El dólar australiano podría convertirse en el ganador del G-10
Si estas predicciones se cumplen, el dólar australiano experimentará un nuevo ciclo alcista. Francesco Pesole, analista del ING Group, afirma que el AUD tiene potencial para ser la moneda más destacada del G-10 en 2026.
Su lógica central es: se espera que el Banco de la Reserva de Australia solo realice una reducción de tasas más el próximo año, lo que significa que las tasas de interés en Australia se mantendrán en los niveles más altos del G-10. Además, con las perspectivas de crecimiento económico en mejora y la recuperación de las relaciones comerciales, el AUD podría convertirse en la moneda con la tasa de interés más alta del G-10 para el segundo trimestre de 2026.
En otras palabras, la ventaja en diferencial de tasas será el principal motor del próximo aumento del dólar australiano.

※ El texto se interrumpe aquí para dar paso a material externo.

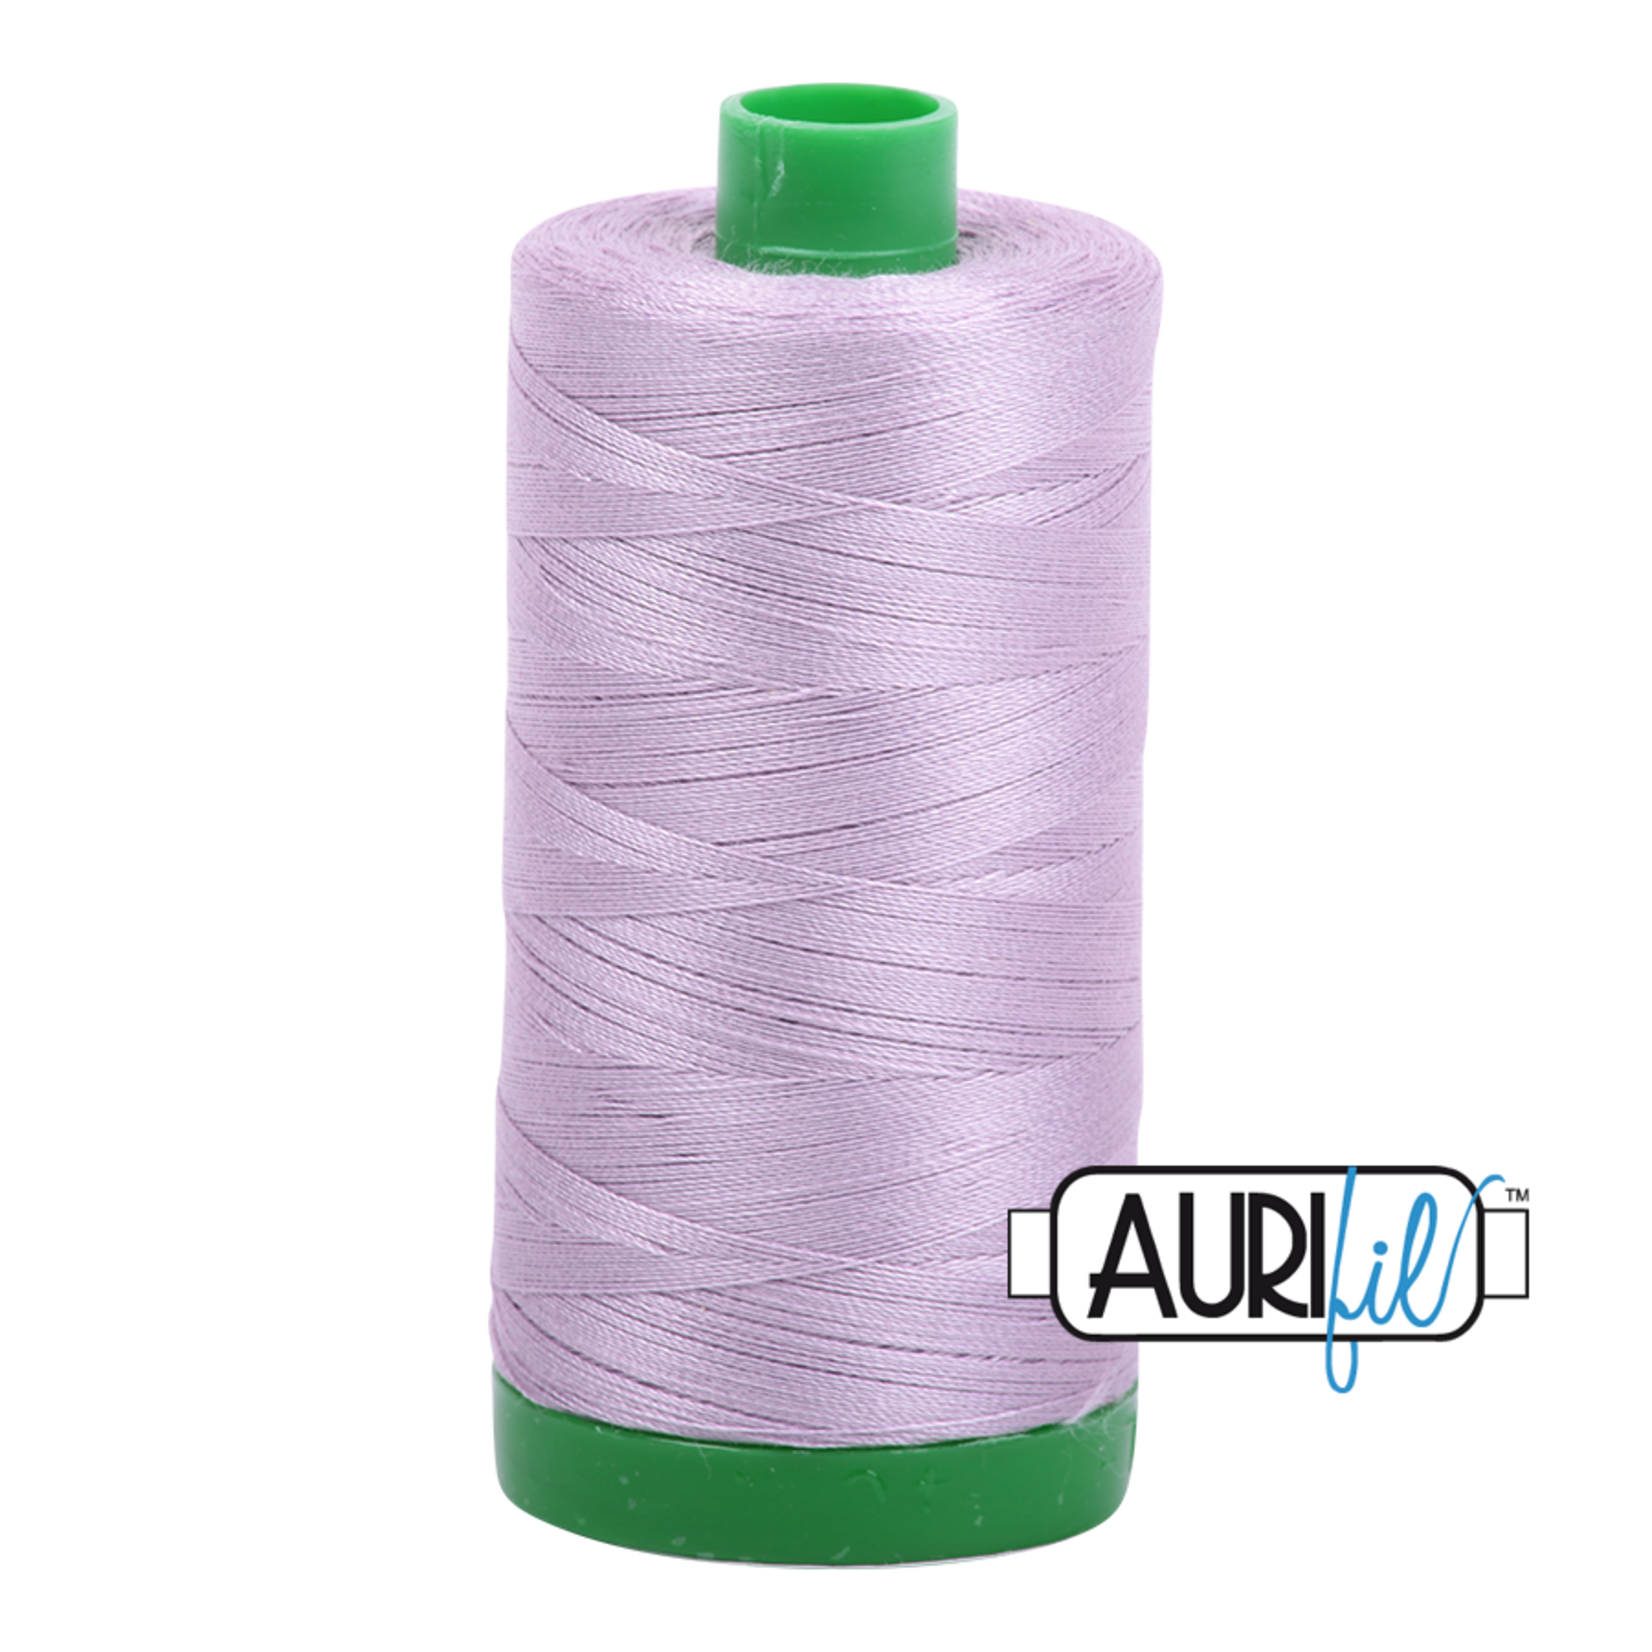 AURIFIL AURIFIL 40 WT Lilac 2562

Cuando el ciclo global de recortes de tasas llegue a su fin, la atracción por las monedas de alto interés aumentará en consecuencia — esta es la ley de hierro del mercado de divisas tradicional.
Divergencias del mercado y oportunidades de inversión
Actualmente, las expectativas del mercado respecto al camino de política del Banco de la Reserva de Australia en 2026 son bastante divergentes, lo que en sí mismo ofrece oportunidades de trading. Algunas instituciones creen que el banco central todavía tiene espacio para recortar tasas, pero cada vez más voces apuntan a mantenerlas o incluso subirlas, reflejando que los problemas de inflación son más persistentes de lo esperado.
La tendencia alcista del tipo de cambio del AUD está altamente sincronizada con estos cambios en las expectativas. En el futuro, mientras los datos de inflación o PIB confirmen aún más las presiones de capacidad, el camino de política del Banco de la Reserva de Australia será cada vez más claro, y el impulso alcista del dólar australiano se fortalecerá aún más.